● **Supplied data**:
────────────────

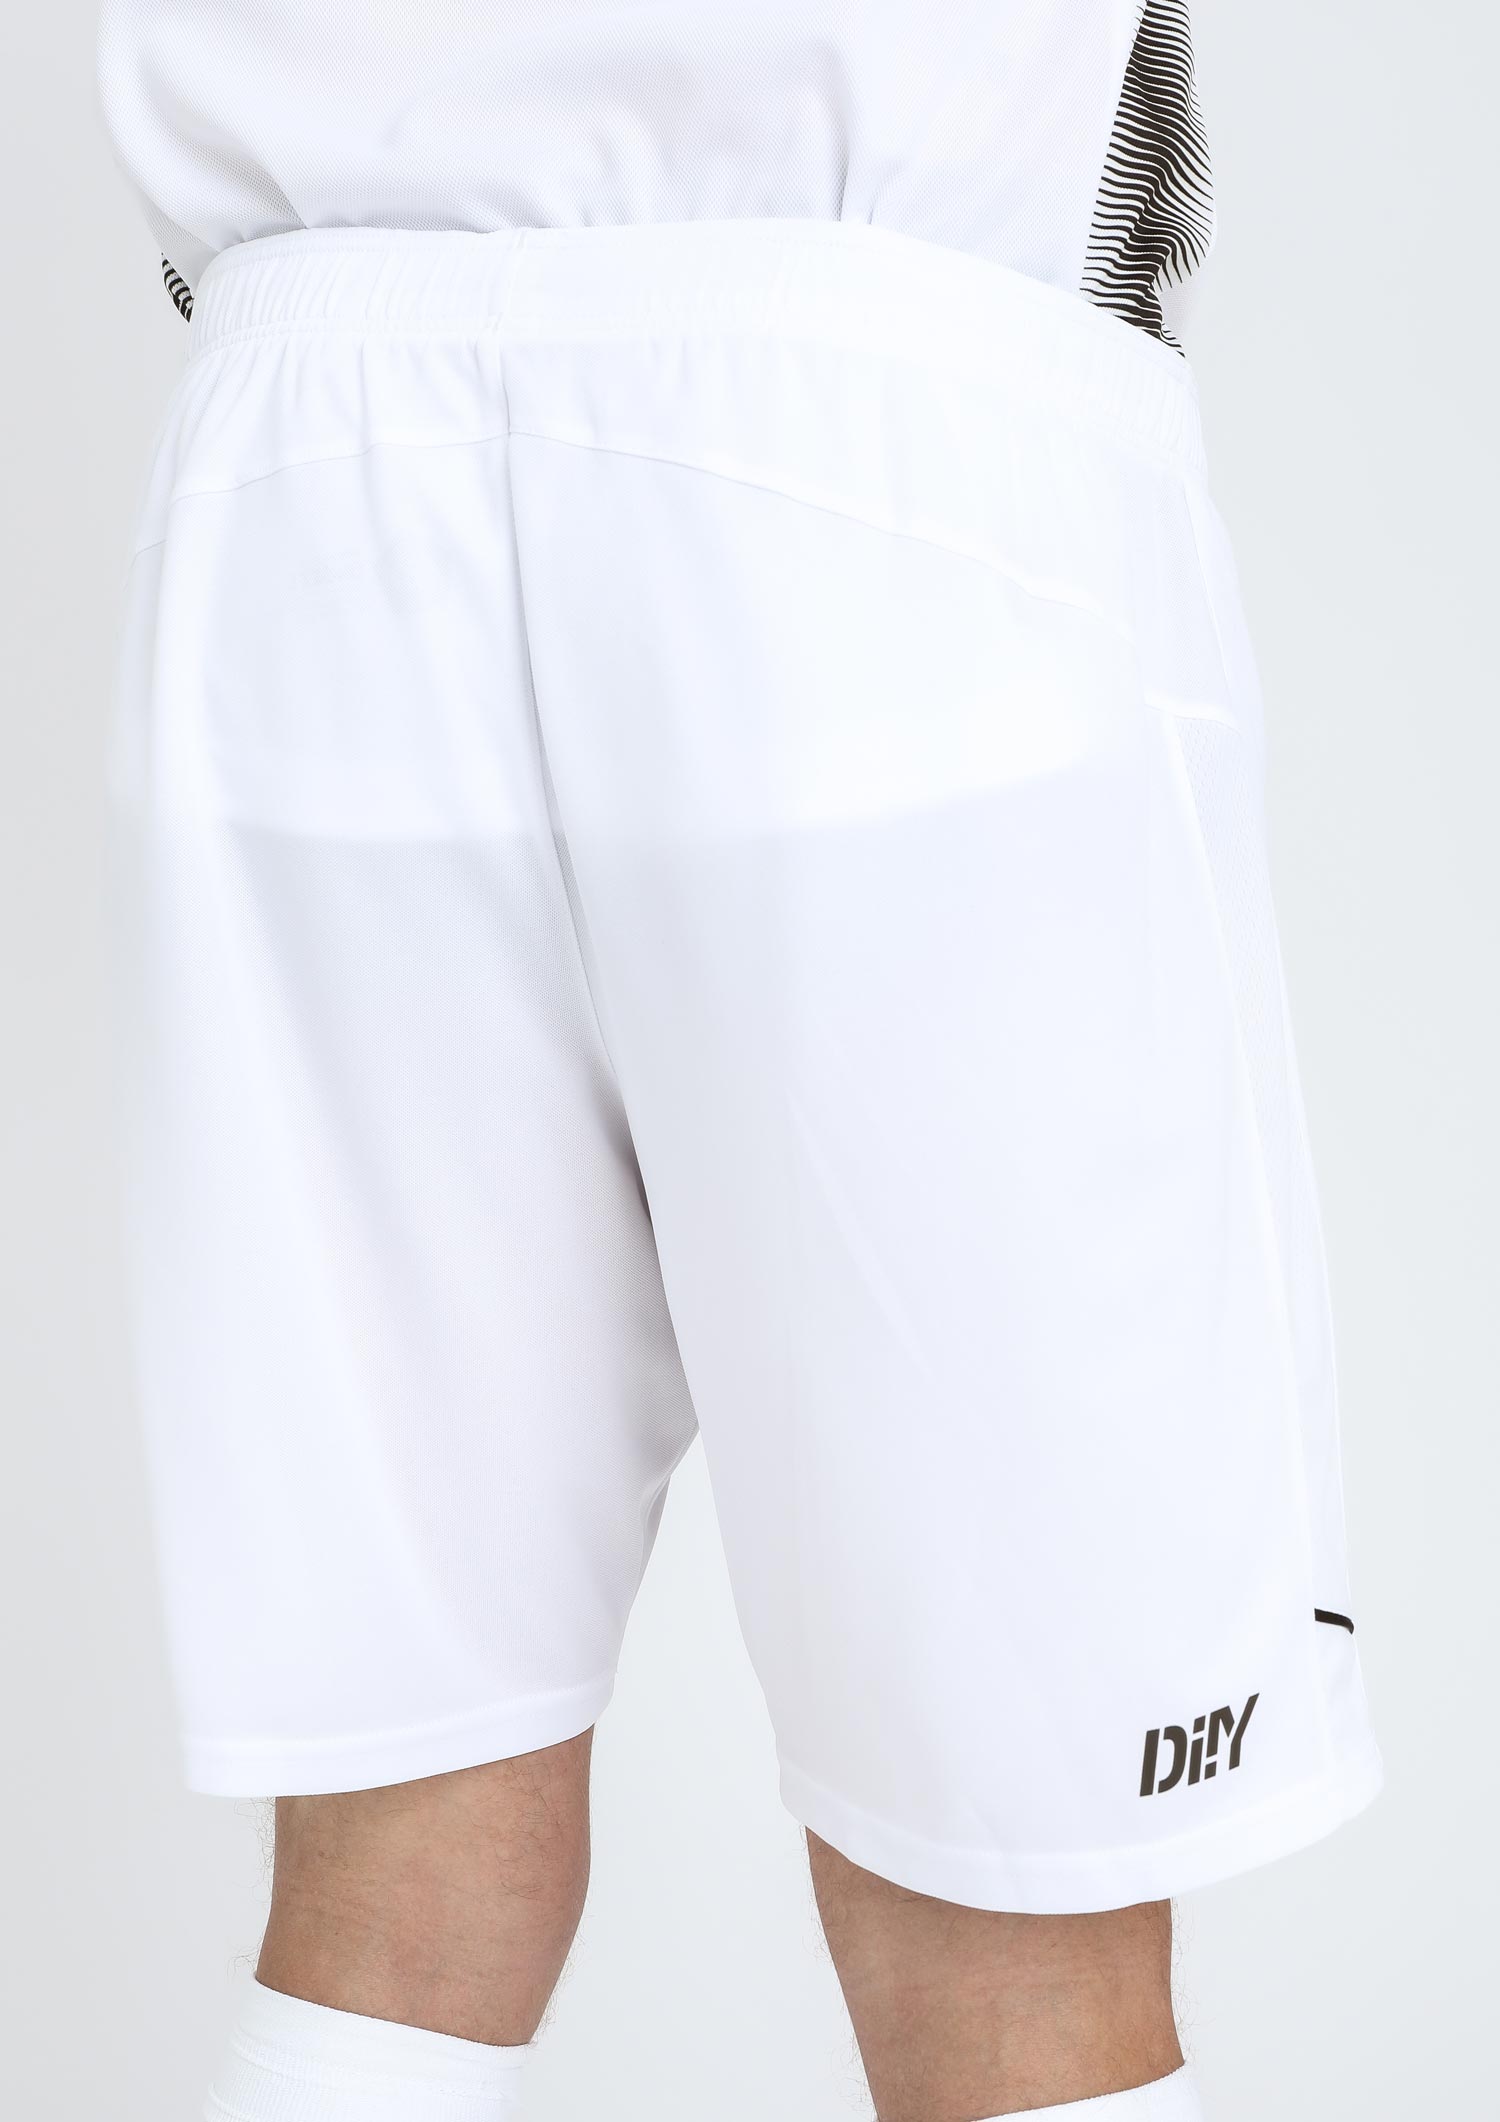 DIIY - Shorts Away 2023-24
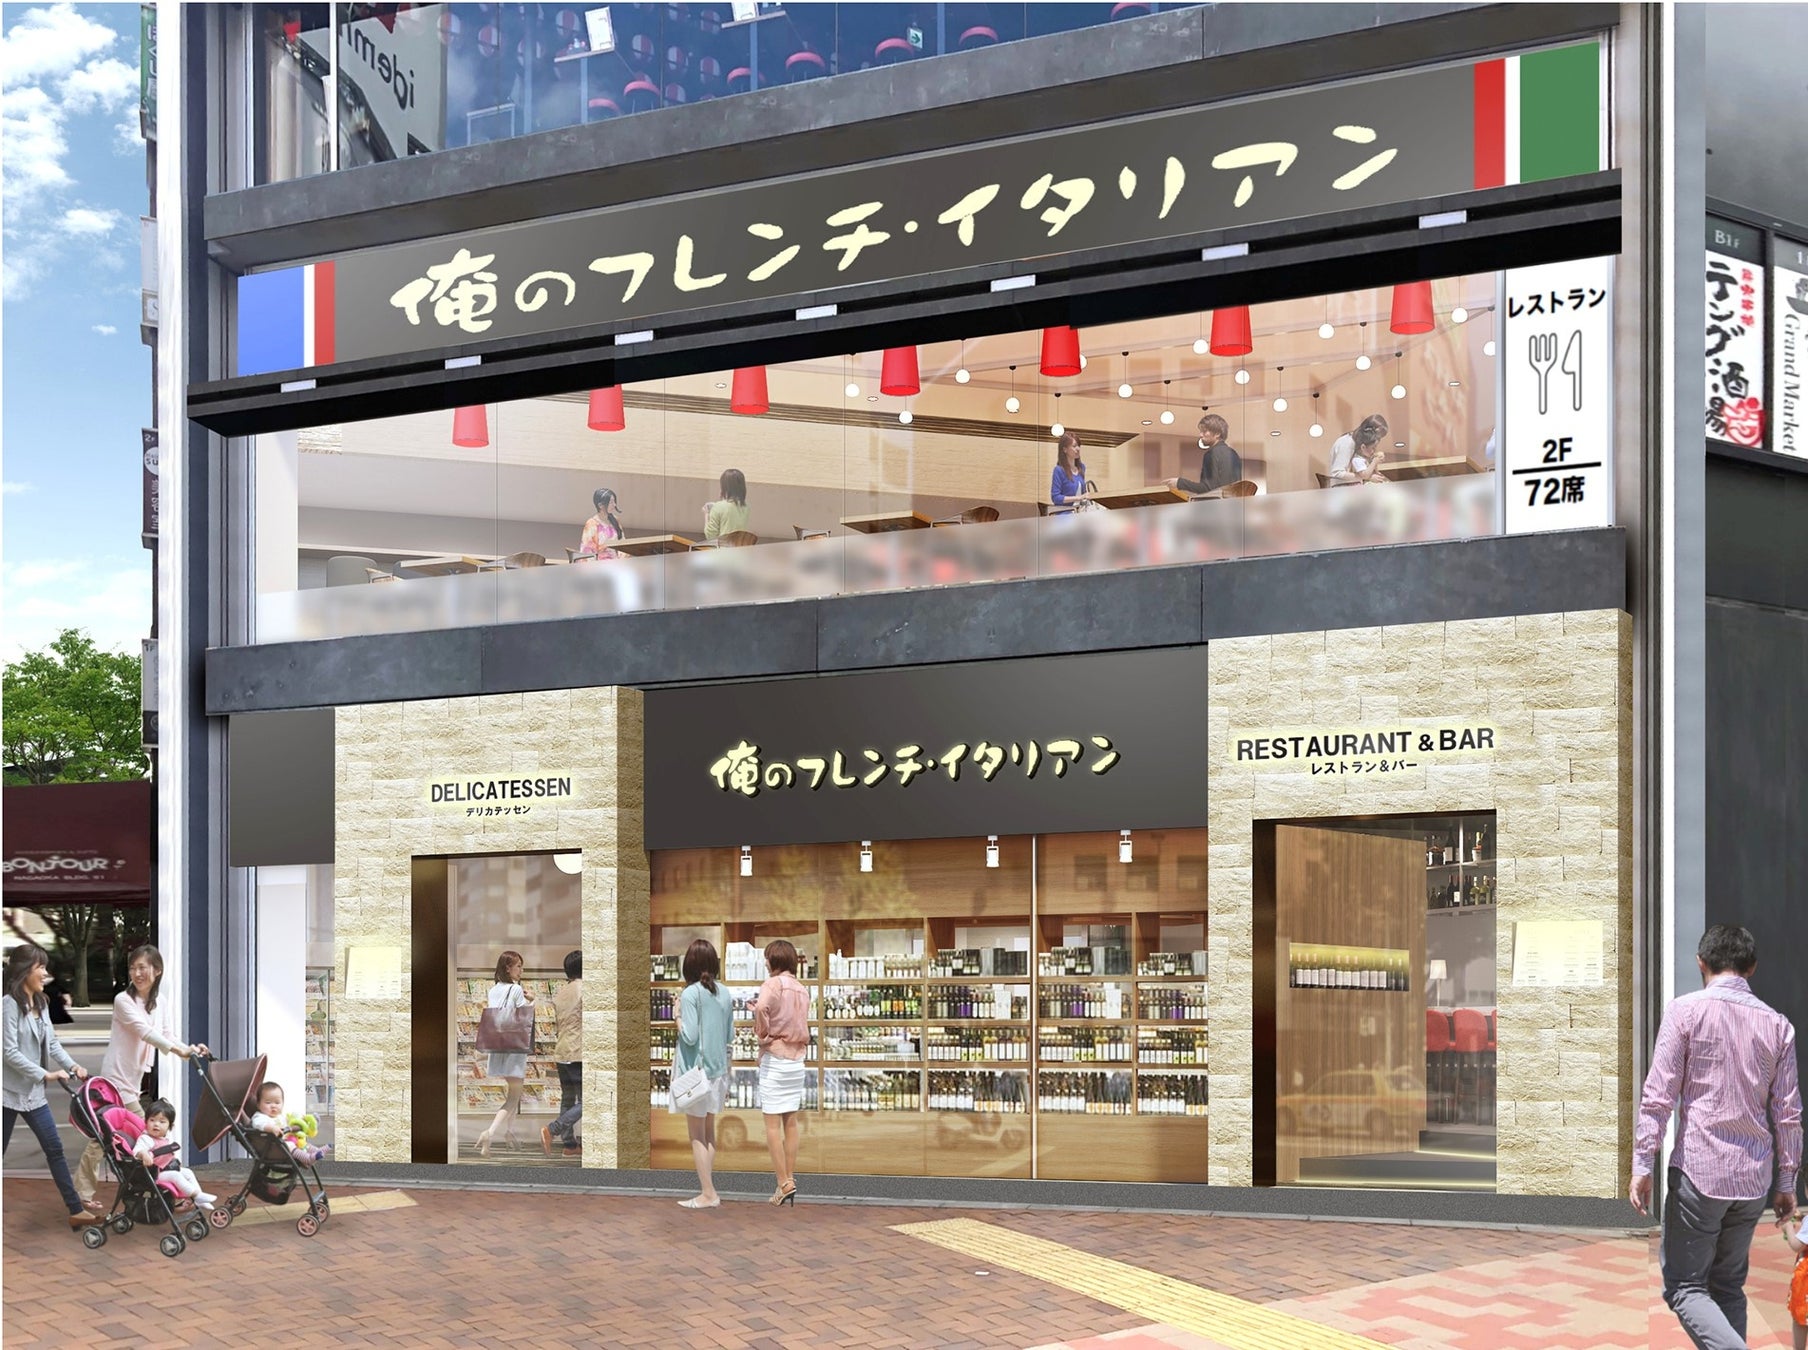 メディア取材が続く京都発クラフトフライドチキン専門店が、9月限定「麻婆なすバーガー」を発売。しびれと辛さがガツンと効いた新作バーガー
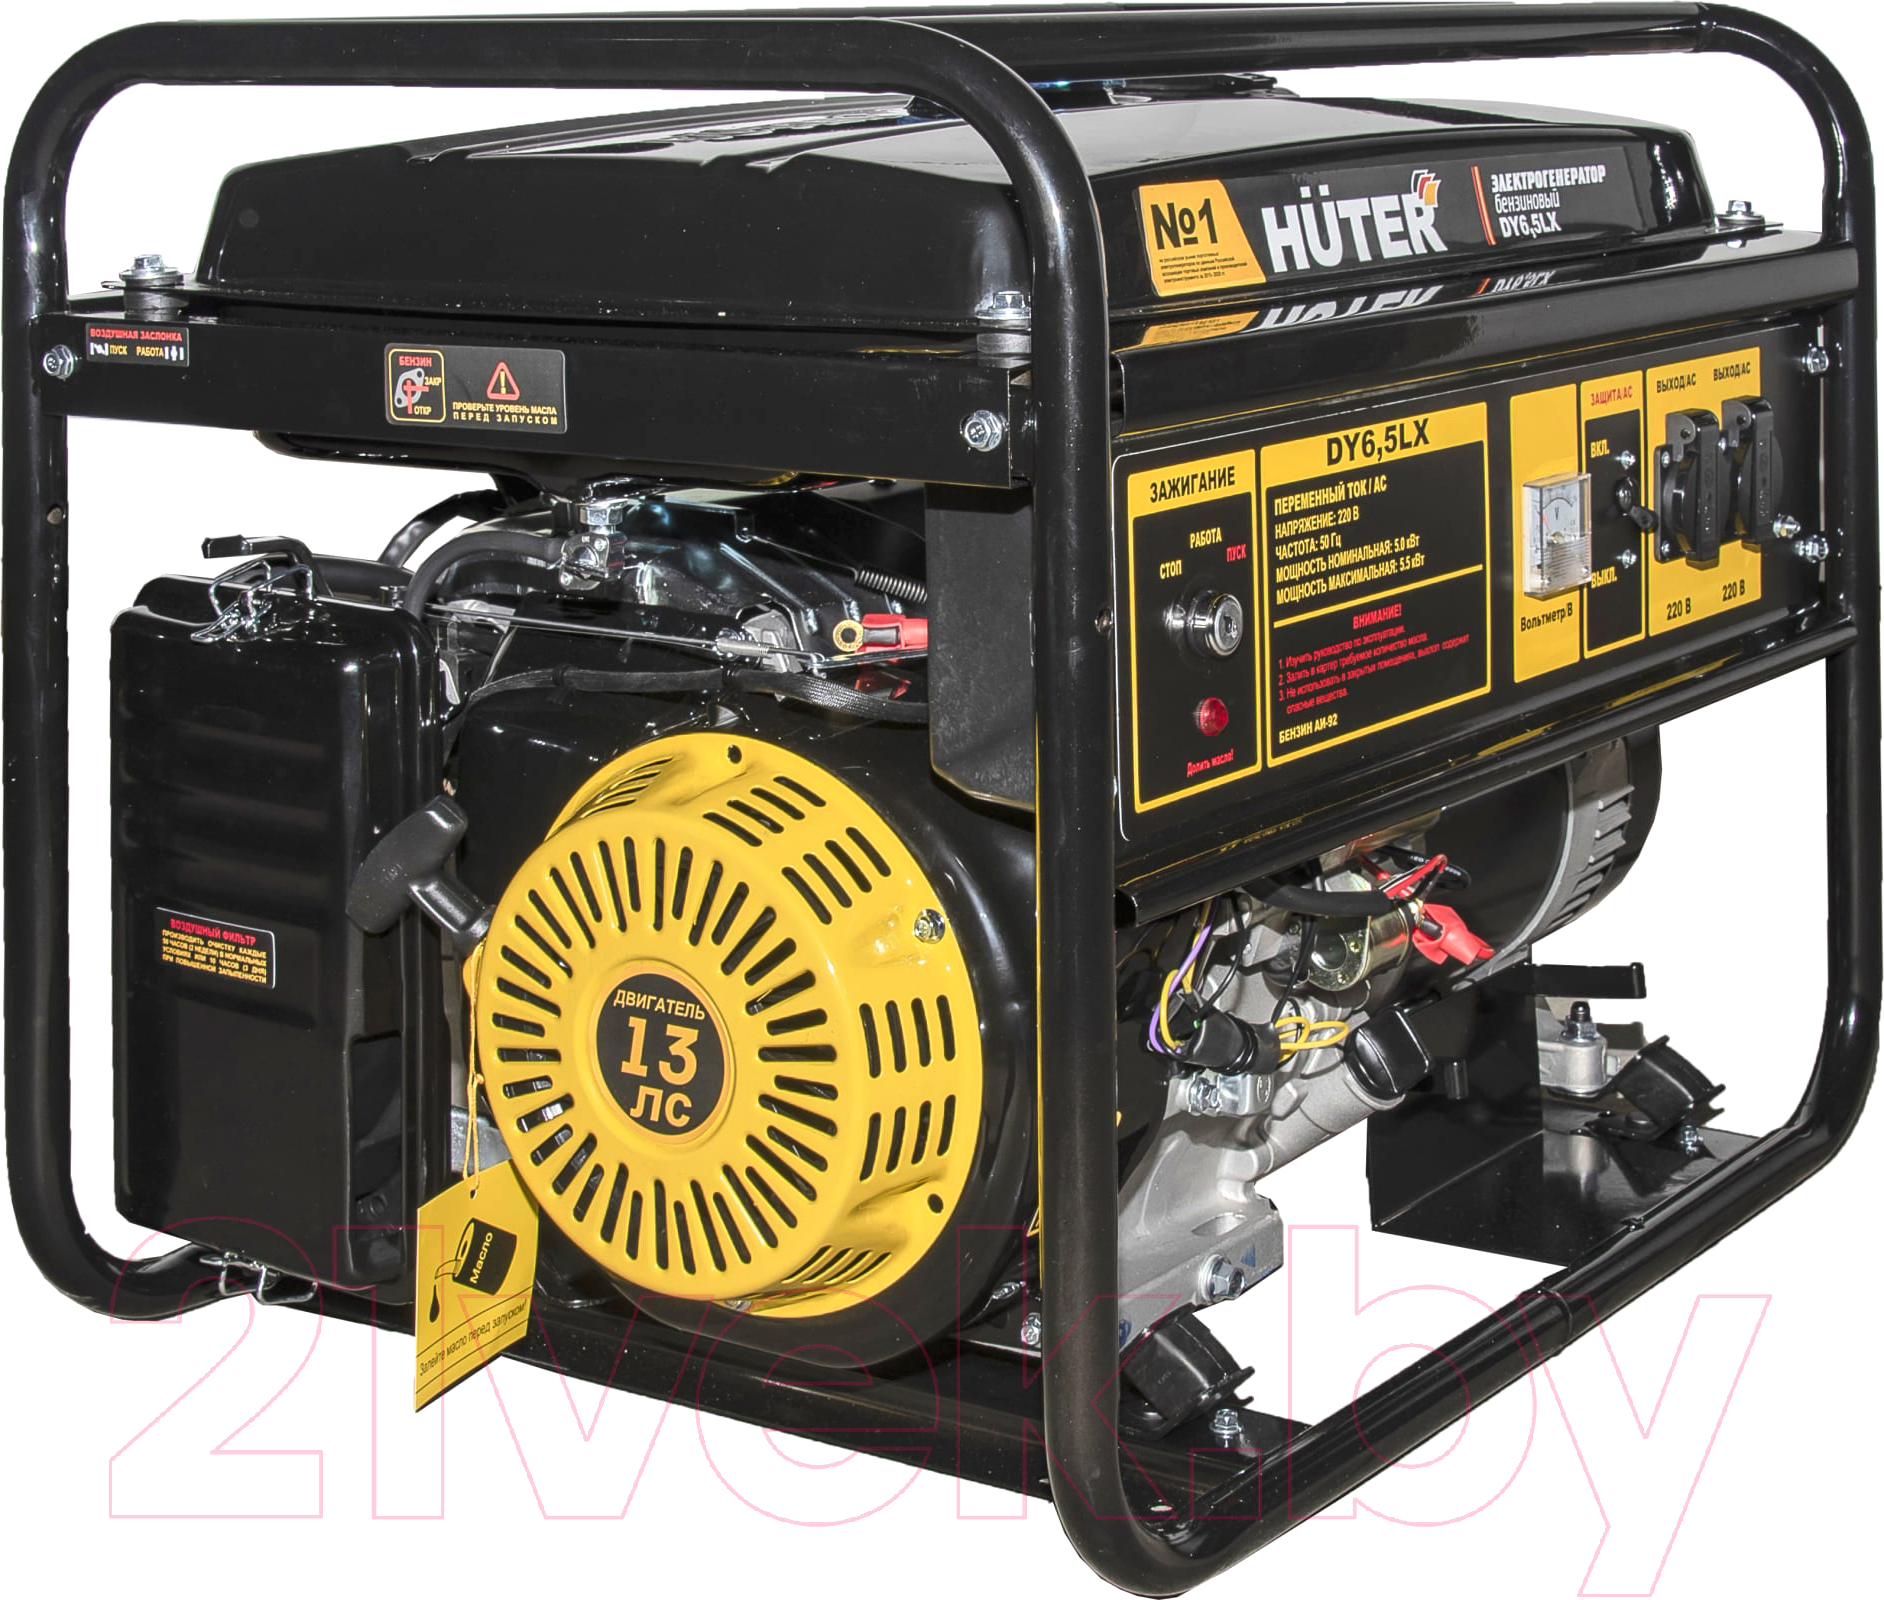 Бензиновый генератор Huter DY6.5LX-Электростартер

────────────────

● **Task item**: Print the listing exactly, but skip its pictures.

● **Output for this exercise**:
 DIIY - Shorts Away 2023-24
 メディア取材が続く京都発クラフトフライドチキン専門店が、9月限定「麻婆なすバーガー」を発売。しびれと辛さがガツンと効いた新作バーガー
 Бензиновый генератор Huter DY6.5LX-Электростартер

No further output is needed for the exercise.